O jovem avançado argentino chegou ao Sporting no Verão de 2012 com um contrato válido por cinco anos. Na sua primeira época de "leão ao peito" participou em 25 jogos pela equipa principal - entre a I Liga, Taça de Portugal, Taça da Liga e Liga Europa - 7 como titular e 18 como suplente utilizado, acumulando 1047 minutos de jogo (11,6 jogos), e marcando 2 golos. Ainda foi titular em 3 jogos pela equipa B.

 

No final da temporada a Sporting SAD decidiu emprestá-lo ao seu clube de origem - Racing Club - por uma época. Na Argentina, entre o Torneio Apertura, Torneio Clausura e Taça Sul-Americana, participou em 32 jogos, 25 como titular e 7 como suplente utilizado, acumulando 2156 minutos de jogo (23,9 jogos), marcando 2 golos. O Racing Club detinha opção de compra, mas pela sua situação financeira nunca houve uma real expectativa que a viesse a exercer.

 

Valentin surgiu recentemente nas notícias a afirmar o seu entusiasmo pela época realizada pelo Sporting e a confirmar que já tinha recebido instruções da SAD para se apresentar na Academia no início dos trabalhos para a nova época. Dito isto, não é claro neste momento, pela informação disponível quais, são os planos da SAD para o jogador.

 

Critiquei o seu empréstimo na época passada por duas razões principais: a primeira das quais por não fazer sentido algum, no que ao seu desenvolvimento diz respeito, colocá-lo a jogar novamente na Argentina, quando ele necessitava, sobretudo, de mais extensa exposição ao futebol europeu. A segunda razão, porque gostaria de o ter visto a ser trabalhado por Leonardo Jardim, uma experiência que, na minha opinião, o teria beneficiado imenso e, por consequência, também o Sporting.

 

A ser sincero, analisando a época realizada pelos extremos da equipa, acho que ele poderia ter sido muito útil, e salvo exibições a um outro nível na próxima temporada, não vejo em que aspecto Heldon lhe é superior. Não se sabe ao certo o seu salário, mas nada nos pode levar a concluir que seja exorbitante, mesmo admitindo que seja mais elevado do que a média do actual plantel. Para ser valorizado, desportiva e financeiramente, terá de jogar na Europa, quer seja no Sporting ou em um outro clube.

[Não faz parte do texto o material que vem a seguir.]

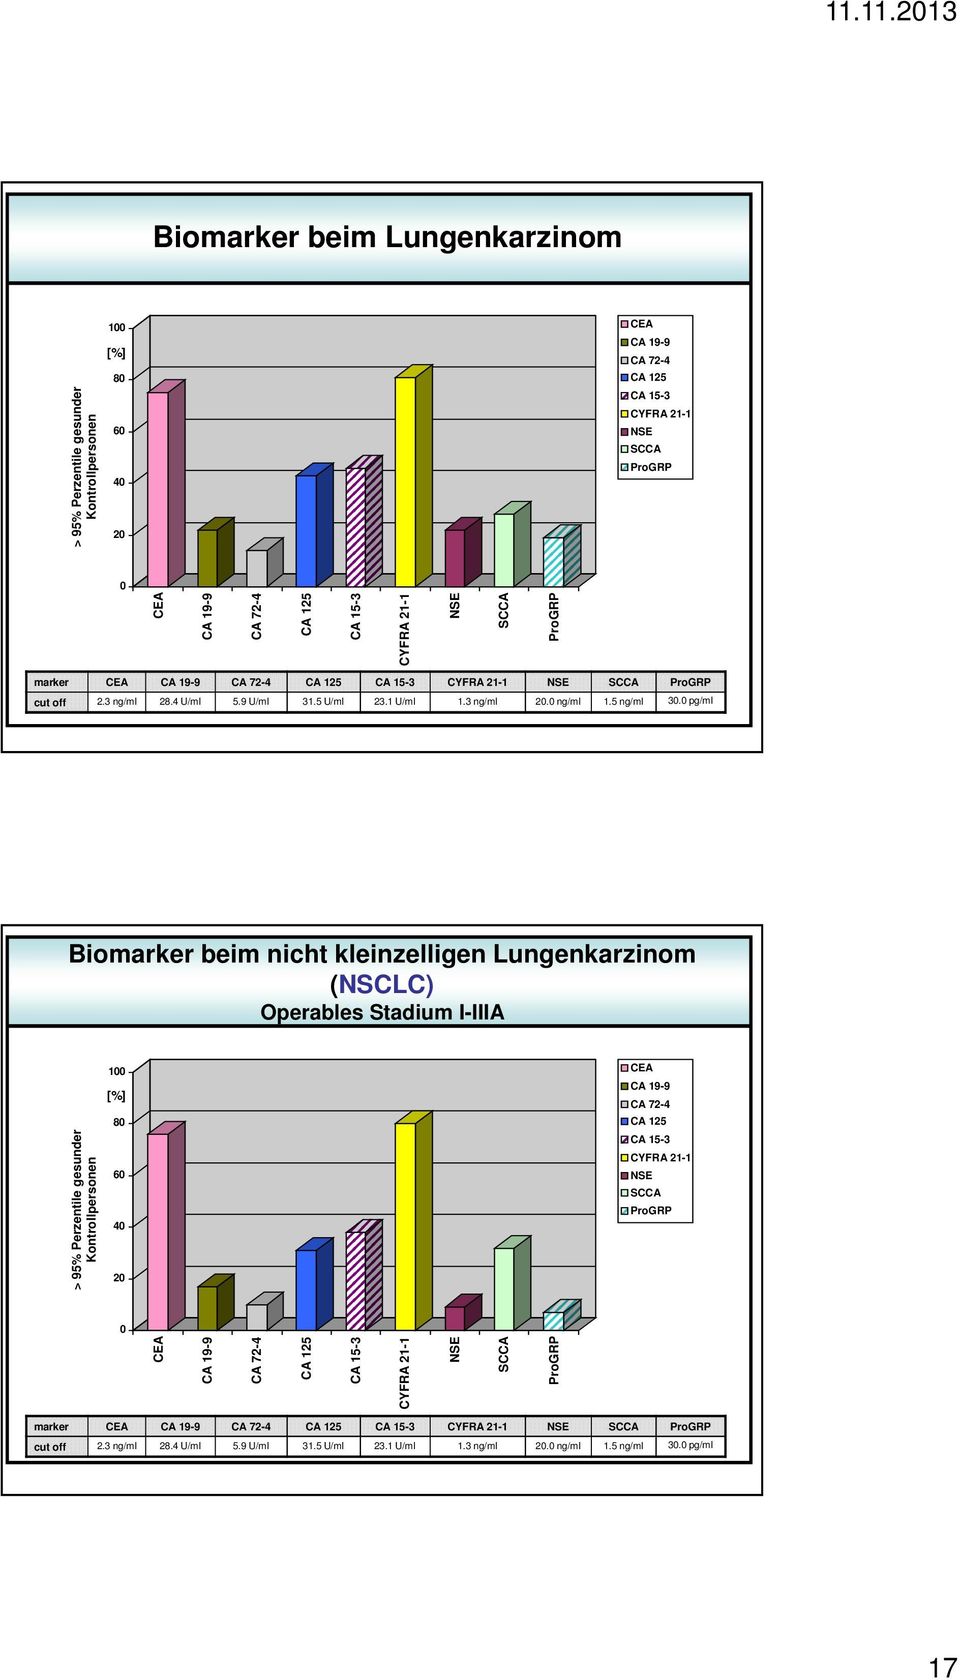 pg/ml Biomarker beim nicht kleinzelligen Lungenkarzinom (NSCLC) Operables Stadium I-IIIA > 95% Perzentile gesunder Kontrollpersonen 1 [%] 8 6 4 2 CEA CA 19-9 CA 72-4 CA 125 CA 15-3 CYFRA 21-1 NSE

O jornal "O Jogo" surgiu recentemente a noticiar que nova cedência está no horizonte e que o destino provável será o campeonato alemão ou o francês. Como sempre, dá para questionar a fonte de informação do diário desportivo. Com 22 anos, de uma forma ou outra, ainda tem muito futebol nas pernas e é a opinião deste observador que durante a sua primeira estada em Alvalade demonstrou o suficiente para justificar uma nova aposta, agora sob a liderança de Marco Silva.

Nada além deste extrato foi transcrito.